Furthermore, software implementations (e.g., software programs,
instructions, etc.) including, but not limited to, distributed
processing or component/object distributed processing, parallel
processing, or virtual machine processing can also be constructed
to implement the methods described herein. It is further noted that
a computing device such as a processor, a controller, a state
machine or other suitable device for executing instructions to
perform operations or methods may perform such operations directly
or indirectly by way of one or more intermediate devices directed
by the computing device.
[0279] Tangible computer-readable storage mediums are an example
embodiment that includes a single medium or multiple media (e.g., a
centralized or distributed database, and/or associated caches and
servers) that store the one or more sets of instructions for
performing all or some of the steps described herein (and may
perform other steps as well). The term "tangible computer-readable
storage medium" shall also be taken to include any non-transitory
medium that is capable of storing or encoding a set of instructions
for execution by the machine and that cause the machine to perform
any one or more of the methods of the subject disclosure. The term
"non-transitory" as in a non-transitory computer-readable storage
includes without limitation memories, drives, devices and anything
tangible but not a signal per se.
[0280] The term "tangible computer-readable storage medium" shall
accordingly be taken to include, but not be limited to: solid-state
memories such as a memory card or other package that houses one or
more read-only (non-volatile) memories, random access memories, or
other re-writable (volatile) memories, a magneto-optical or optical
medium such as a disk or tape, or other tangible media which can be
used to store information. Accordingly, the disclosure is
considered to include any one or more of a tangible
computer-readable storage medium, as listed herein and including
art-recognized equivalents and successor media, in which the
software implementations herein are stored.

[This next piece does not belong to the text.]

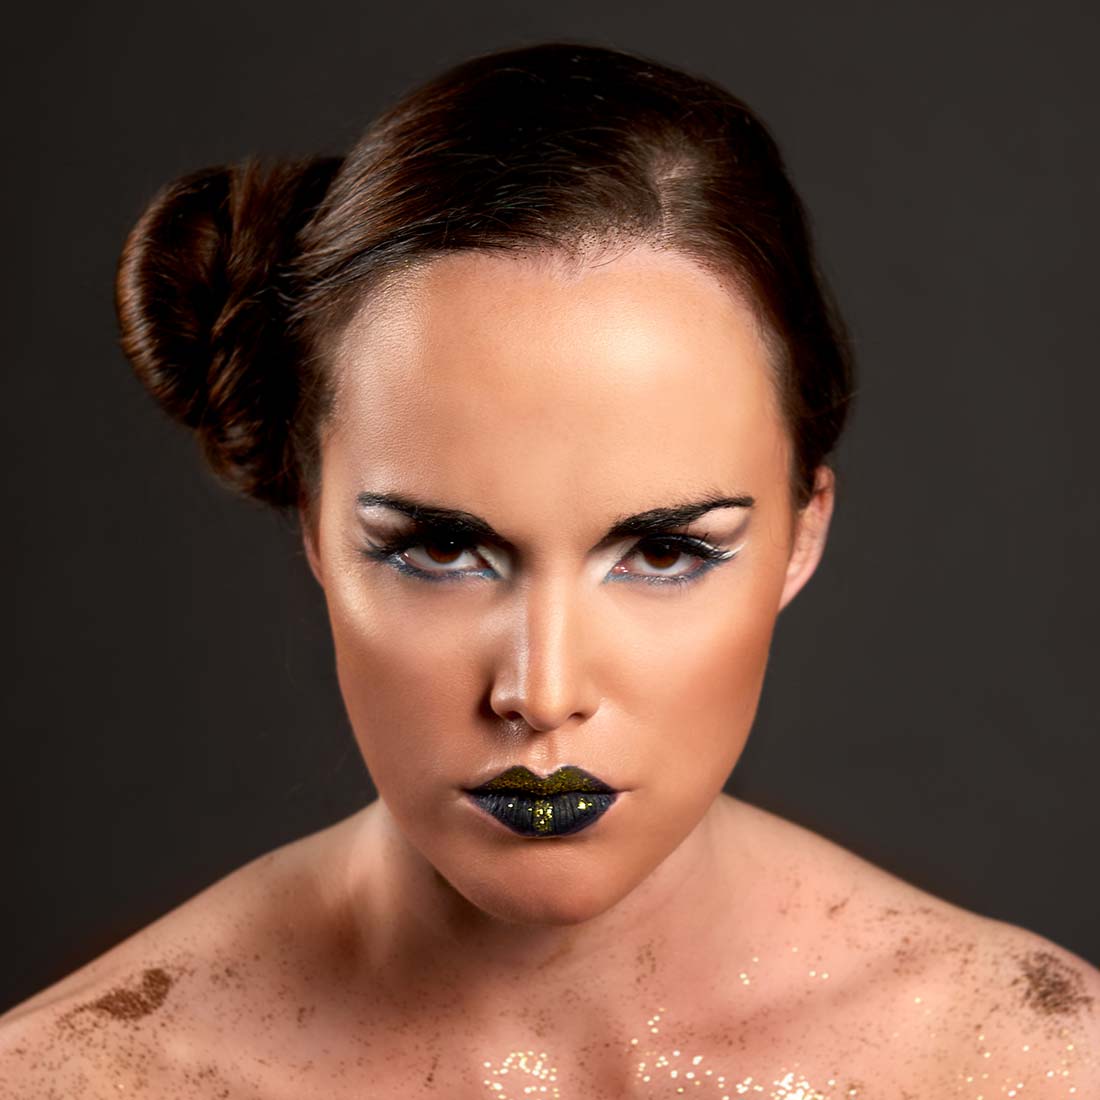 Portraitfotos – Beautyshot Rebekka mit Goldglitter

[0281] The illustrations of embodiments described herein are
intended to provide a general understanding of the structure of
various embodiments, and they are not intended to serve as a
complete description of all the elements and features of apparatus
and systems that might make use of the structures described herein.

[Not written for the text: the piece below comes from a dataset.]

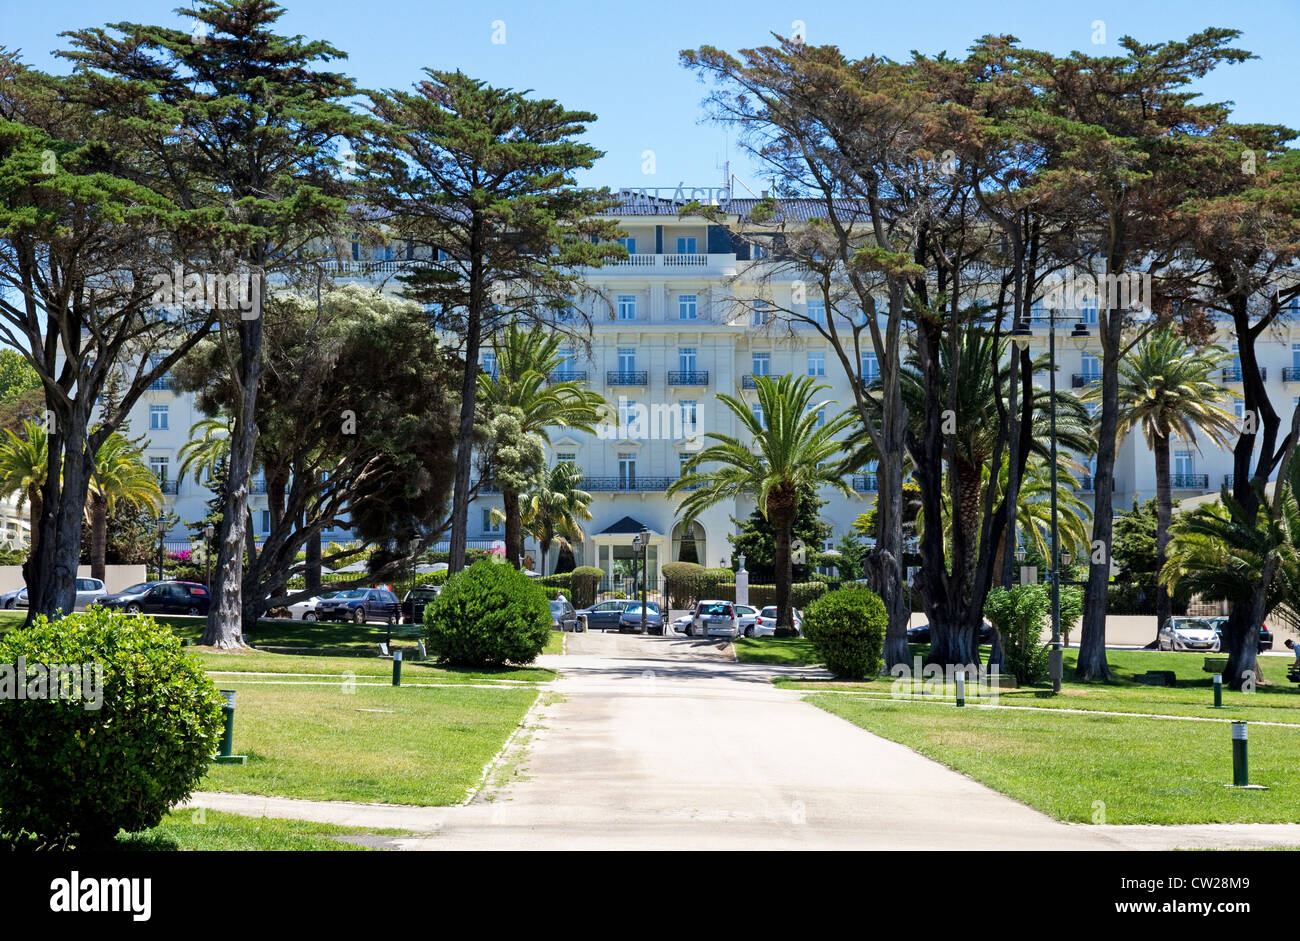 Hotel palacio estoril hi-res stock photography and images - Alamy

Many other embodiments will be apparent to those of skill in the
art upon reviewing the above description. The exemplary embodiments
can include combinations of features and/or steps from multiple
embodiments. Other embodiments may be utilized and derived
therefrom, such that structural and logical substitutions and
changes may be made without departing from the scope of this
disclosure. Figures are also merely representational and may not be
drawn to scale. Certain proportions thereof may be exaggerated,
while others may be minimized. Accordingly, the specification and
drawings are to be regarded in an illustrative rather than a
restrictive sense.
[0282] Although specific embodiments have been illustrated and
described herein, it should be appreciated that any arrangement
which achieves the same or similar purpose may be substituted for
the embodiments described or shown by the subject disclosure. The
subject disclosure is intended to cover any and all adaptations or
variations of various embodiments. Combinations of the above
embodiments, and other embodiments not specifically described
herein, can be used in the subject disclosure. For instance, one or
more features from one or more embodiments can be combined with one
or more features of one or more other embodiments. In one or more
embodiments, features that are positively recited can also be
negatively recited and excluded from the embodiment with or without
replacement by another structural and/or functional feature. The
steps or functions described with respect to the embodiments of the
subject disclosure can be performed in any order. The steps or
functions described with respect to the embodiments of the subject
disclosure can be performed alone or in combination with other
steps or functions of the subject disclosure, as well as from other
embodiments or from other steps that have not been described in the
subject disclosure. Further, more than or less than all of the
features described with respect to an embodiment can also be
utilized.
[0283] Less than all of the steps or functions described with
respect to the exemplary processes or methods can also be performed
in one or more of the exemplary embodiments. Further, the use of
numerical terms to describe a device, component, step or function,
such as first, second, third, and so forth, is not intended to
describe an order or function unless expressly stated so. The use
of the terms first, second, third and so forth, is generally to
distinguish between devices, components, steps or functions unless
expressly stated otherwise. Additionally, one or more devices or
components described with respect to the exemplary embodiments can
facilitate one or more functions, where the facilitating (e.g.,
facilitating access or facilitating establishing a connection) can
include less than every step needed to perform the function or can
include all of the steps needed to perform the function.
[0284] In one or more embodiments, a processor (which can include a
controller or circuit) has been described that performs various
functions. It should be understood that the processor can be
multiple processors, which can include distributed processors or
parallel processors in a single machine or multiple machines. The
processor can be used in supporting a virtual processing
environment. The virtual processing environment may support one or
more virtual machines representing computers, servers, or other
computing devices. In such virtual machines, components such as
microprocessors and storage devices may be virtualized or logically
represented. The processor can include a state machine, application
specific integrated circuit, and/or programmable gate array
including a Field PGA. In one or more embodiments, when a processor
executes instructions to perform "operations", this can include the
processor performing the operations directly and/or facilitating,
directing, or cooperating with another device or component to
perform the operations.
[0285] The Abstract of the Disclosure is provided with the
understanding that it will not be used to interpret or limit the
scope or meaning of the claims. In addition, in the foregoing
Detailed Description, it can be seen that various features are
grouped together in a single embodiment for the purpose of
streamlining the disclosure. This method of disclosure is not to be
interpreted as reflecting an intention that the claimed embodiments
require more features than are expressly recited in each claim.
Rather, as the following claims reflect, inventive subject matter
lies in less than all features of a single disclosed embodiment.
Thus the following claims are hereby incorporated into the Detailed
Description, with each claim standing on its own as a separately
claimed subject matter.
* * * * *